PMN secretion stimulates cytokine release and bacterial phagocytosis by monocytes. (A) Concentrations of IL-6 (top) and TNF (bottom) in air pouch fluid of mice with intact WBC count (ctrl), neutropenic mice (PMN depl), and neutropenic mice treated with PMN secretion (PMN depl + PMN-sec). (B) Leukocyte recruitment in the air pouch was induced by PAF and fluorescent IgG-opsonized S aureus bacteria were injected 1 hour before the cells were harvested. Upper panel shows the number of bacteria retrieved from the air pouch fluid expressed in percentage of total amount of injected bacteria.
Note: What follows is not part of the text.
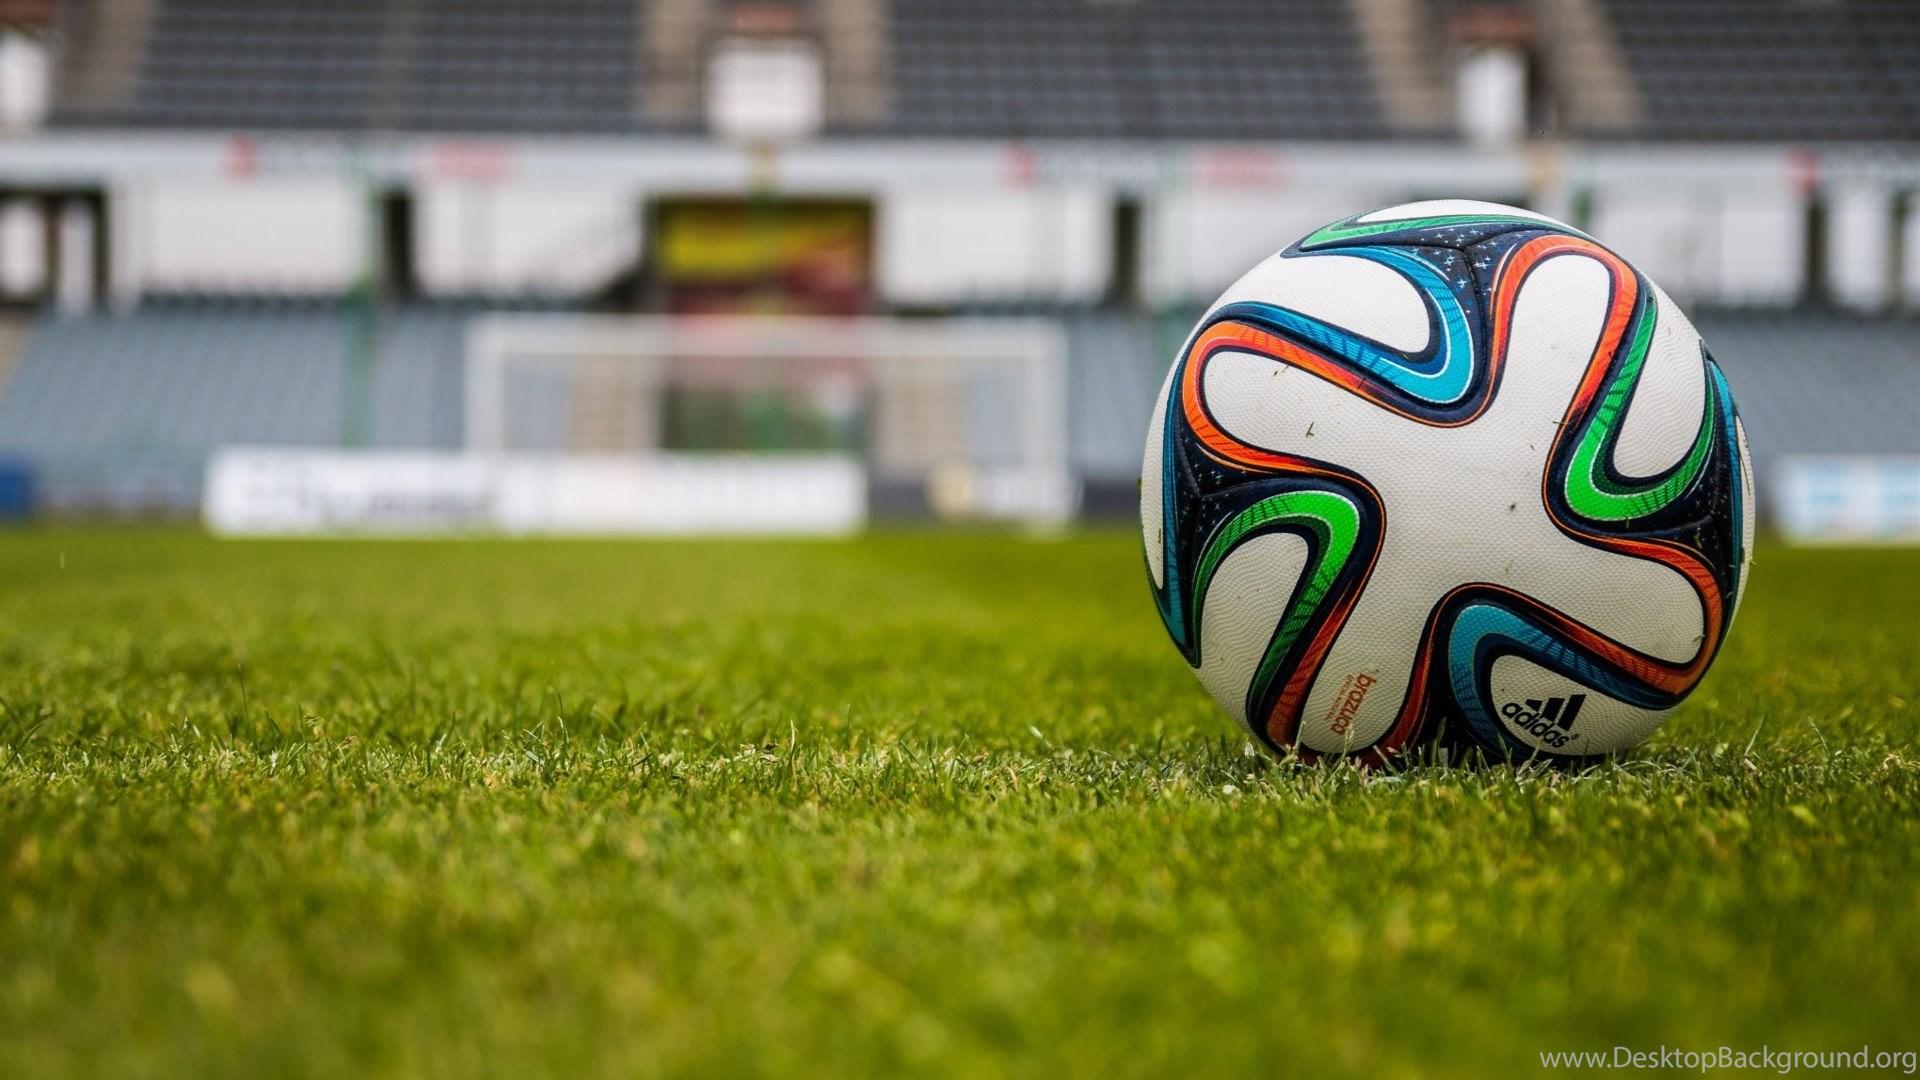 Football Or Soccer Balls Hd Wallpapers 4k Wallpapers Desktop Background

Bottom panel shows fluorescence intensity of monocytes as a measure of bacterial phagocytosis. (C) Recruitment of PMN (top, Gr1⁺, F4/80⁻), resident monocytes (middle, Gr1⁻, F4/80⁺), and inflammatory monocytes (bottom, Gr1⁺, F4/80⁺) in the air pouch after injection of L monocytogenes (10⁶). (D) Dissemination of L monocytogenes 24 hours after inoculation into the air pouch. Data show colony-forming units (CFU) in liver homogenates from mice with intact WBC, neutropenic mice, and neutropenic mice treated with PMN secretion. Data are expressed as means (± SD); n = 4-6 for each bar. * indicates significant difference compared with ctrl; ** indicates significant difference compared with both ctrl and PMN depl + PMN-sec.

Figure 6

Identification of HBP and LL-37 as principal mediators of PMN-induced mobilization of inflammatory monocytes. (A) Extravasation of Gr1⁺ inflammatory monocytes in the air pouch of neutropenic mice after stimulation with PAF and individual PMN granule fractions. ** indicates significant difference compared with both ctrl and PMN depl + primary or secondary granule fraction. (B) Immunodepletion of LL-37, HBP, HNP1-3, and cathepsin G from the PMN secretion, renders the secretion nonfunctional. * indicates significant difference compared with ctrl. (C) Extravasation of Gr1⁺ inflammatory monocytes in the air pouch of neutropenic mice after stimulation with PAF combined with recombinant/isolated forms of LL-37 (10 μg/mL), HBP (10 μg/mL), HNP1-3 (5 μg/mL), or cathepsin G (10 μg/mL). ** indicates significant difference compared with both ctrl and PMN depl + LL37/HBP/cathepsin G. (D) Extravasation of Gr1⁺ inflammatory monocytes in the air pouch of neutropenic mice after stimulation with PAF combined with crude PMN secretion or PMN secretion immunodepleted of LL-37, HBP, and cathepsin G, respectively. * indicates significant difference compared with PMN depl + PMN-sec. Data are expressed as means (± SD) n = 5 for each bar.

Figure 7

Involvement of FPRs in the PMN-induced mobilization of inflammatory monocytes. (A) Extravasation of Gr1⁺ inflammatory monocytes in the air pouch of neutropenic mice (PMN depl) after stimulation with PAF combined with PMN secretion or individual granule proteins. ▨ indicate pretreatment with the FPR antagonist BOC-PLPLP. * indicates significant difference compared with respective treatment in the absence of the fpr antagonist. (B) Ca²⁺ mobilization in inflammatory monocytes in response to PMN secretion or individual granule proteins. Ca²⁺ mobilization was measured in the FACS in the presence or absence of the FPR antagonist BOC-PLPLP. * indicates significant difference compared with respective treatment in the absence of the fpr antagonist.